The impact of this unprovoked attack on three integral provinces of the Ottoman empire in Africa was profound. The Italian pursuit of Ottoman naval forces led to repeated closures of the Turkish Straits, blocking the passage of transport ships carrying Russian grain for export and seriously disrupting the Russian economy. A series of knock-on crises broke out in south-eastern Europe, triggering two major wars in 1912 and 1913 and sweeping away security arrangements that had previously prevented Balkan conflicts from escalating into continental wars. In short, the war for Libya proved a milestone on the road to the conflict that broke out in 1914. [...]
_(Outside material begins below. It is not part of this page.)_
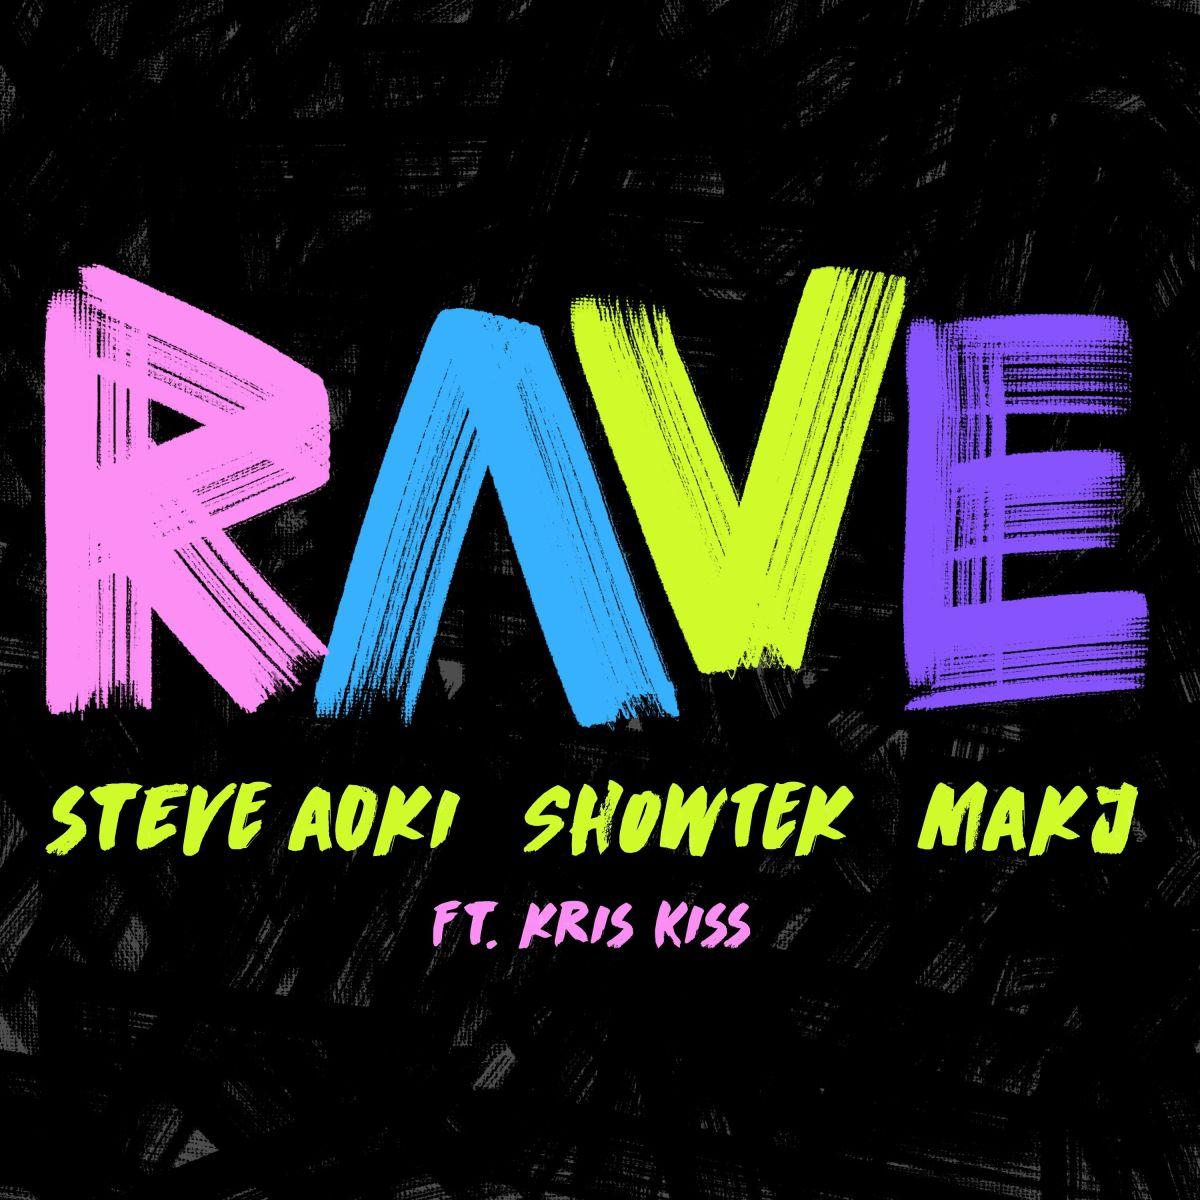 Rave Steve Aoki Showtek Cover Art

There was no third world war in 2014, of course. But the airstrikes of 2011 did exacerbate tensions among the major powers, partly because Nato’s humanitarian intervention quickly morphed into an assault on the Gaddafi regime. Vladimir Putin, then prime minister of Russia, compared the action to a “medieval call to crusade”. It was an unsettling feature of the world order, he remarked, that armed interventions could so easily be unleashed against sovereign states. Russia, Putin declared, would respond by strengthening its own defensive capacity. Commentators who know Putin well have suggested that the Libyan crisis of 2011, and especially the lynching of Gaddafi, were decisive in placing the Russian leader on the path to a more aggressively anti-Western foreign policy. [...]
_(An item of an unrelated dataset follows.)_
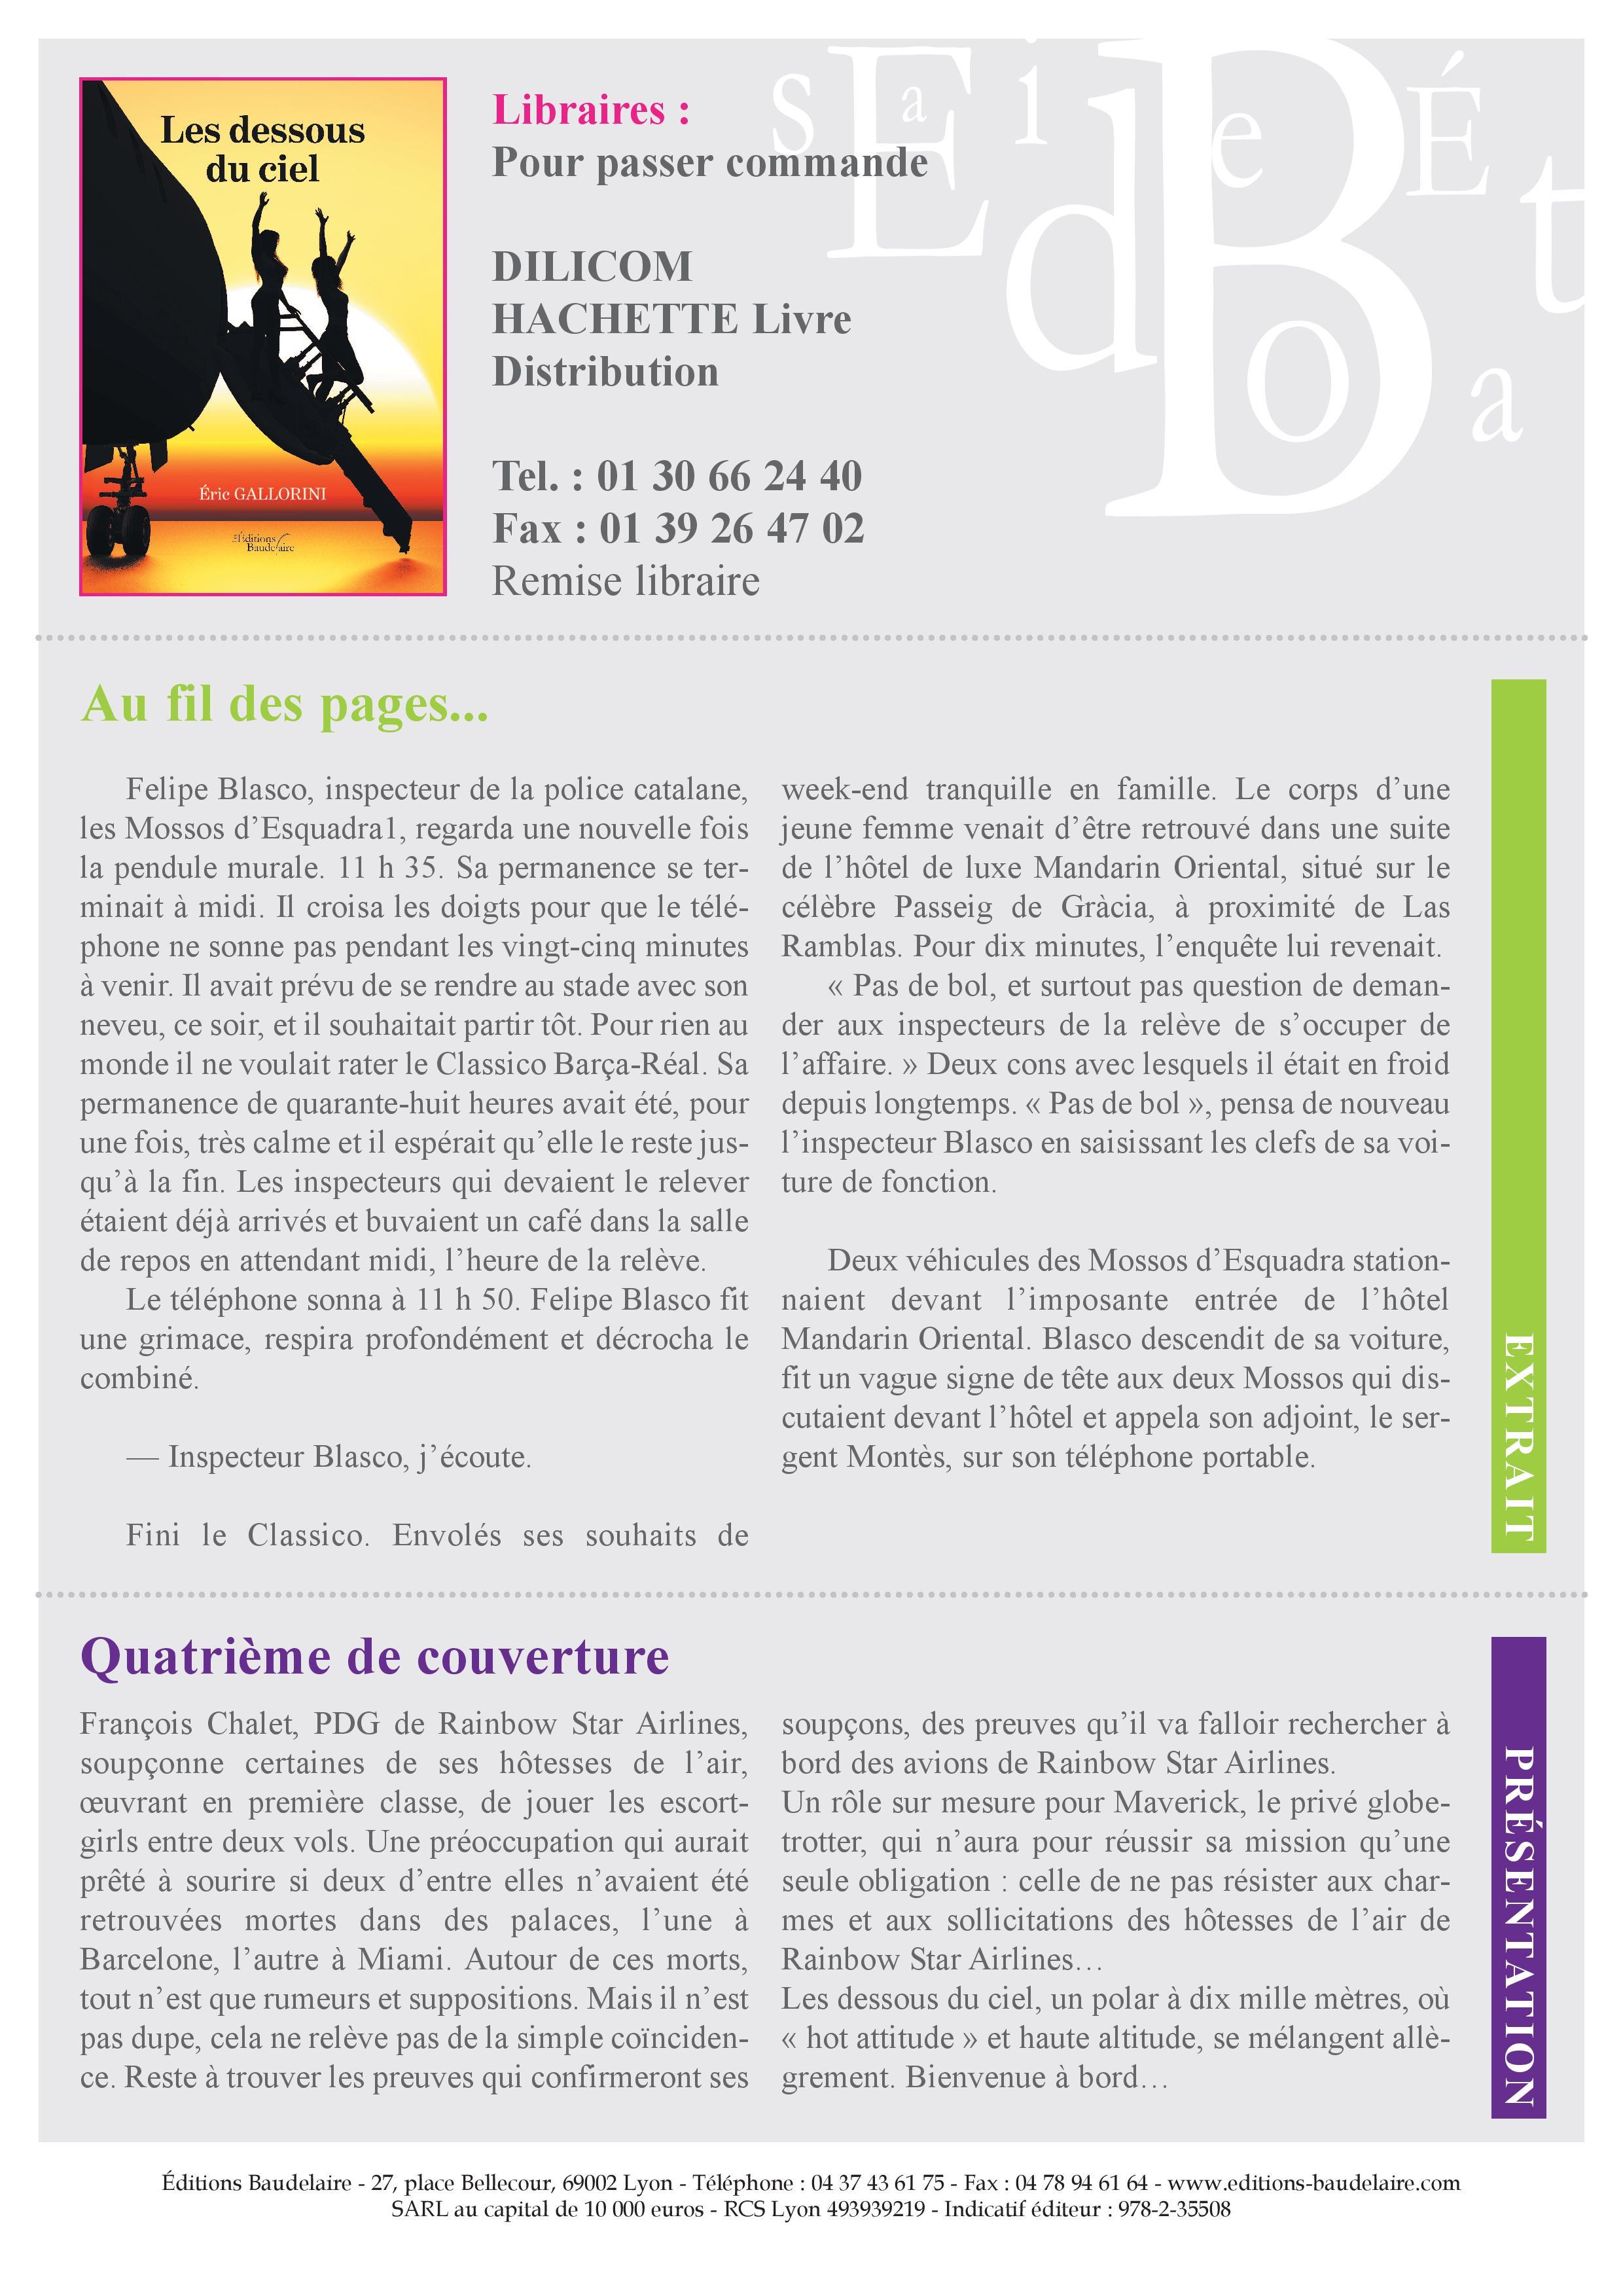 Dossier de presse Les dessous du ciel-page-002.jpg

It is still unlikely that a direct clash between Egyptian and Turkish troops will result from these steps. Egypt has for the moment promised only training, equipment and logistical support for its eastern Libyan proxies. But whereas the events of 2011 recalled the history of Western colonial and imperial violence, the prospect of an Egyptian-Turkish stand-off in northern Africa has switched on memories that extend far beyond the war of 1911 to the 1830s, when an ambitious Egyptian leader challenged Ottoman power in the eastern Mediterranean. [...]
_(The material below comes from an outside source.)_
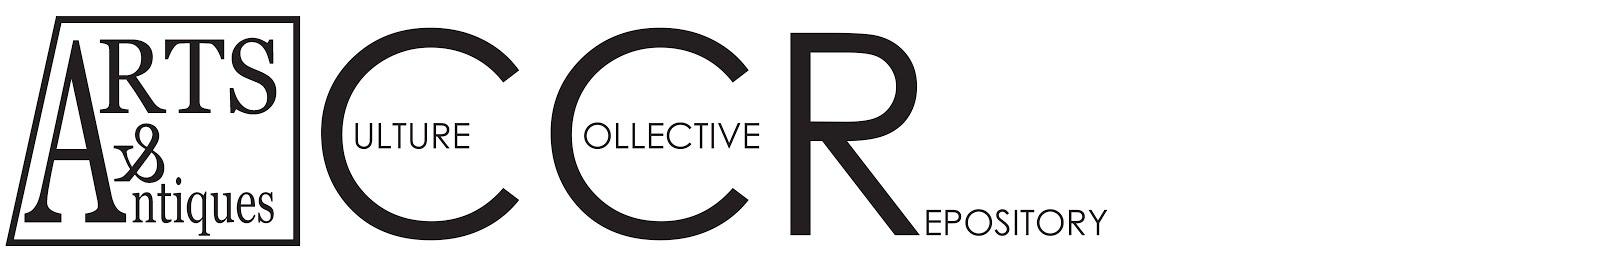 Arts&Antiques CCR

There is a religious dimension to the crisis. The al-Sisi government claims that the fighters loyal to the Turkish-supported GNA include partisans of Islamic State. More specifically, Turkey is accused of sending Isis fighters from Syria to support the GNA. But it should be noted that a US Pentagon investigation found this accusation to be false. As many as 3,000 Syrians had been transferred by Turkey to Libya and paid to fight there, but these were mercenaries and not Islamist militiamen, according to the Pentagon’s report. On the other hand, Erdogan’s sympathy for the Muslim Brotherhood, ruthlessly suppressed by al-Sisi in Egypt and still active in Libya, is well known. Erdogan is often seen making the rabaa sign to his supporters. This gesture, in which the four fingers are raised and the thumb tucked into the palm of the hand, recalls the massacre in Cairo’s Rabaa Square on 14 August 2013, when Egyptian security forces fired on a sit-in of Muslim Brotherhood supporters, killing more than 800 civilians (the Arabic word rabaa means “four”, hence the raised fingers).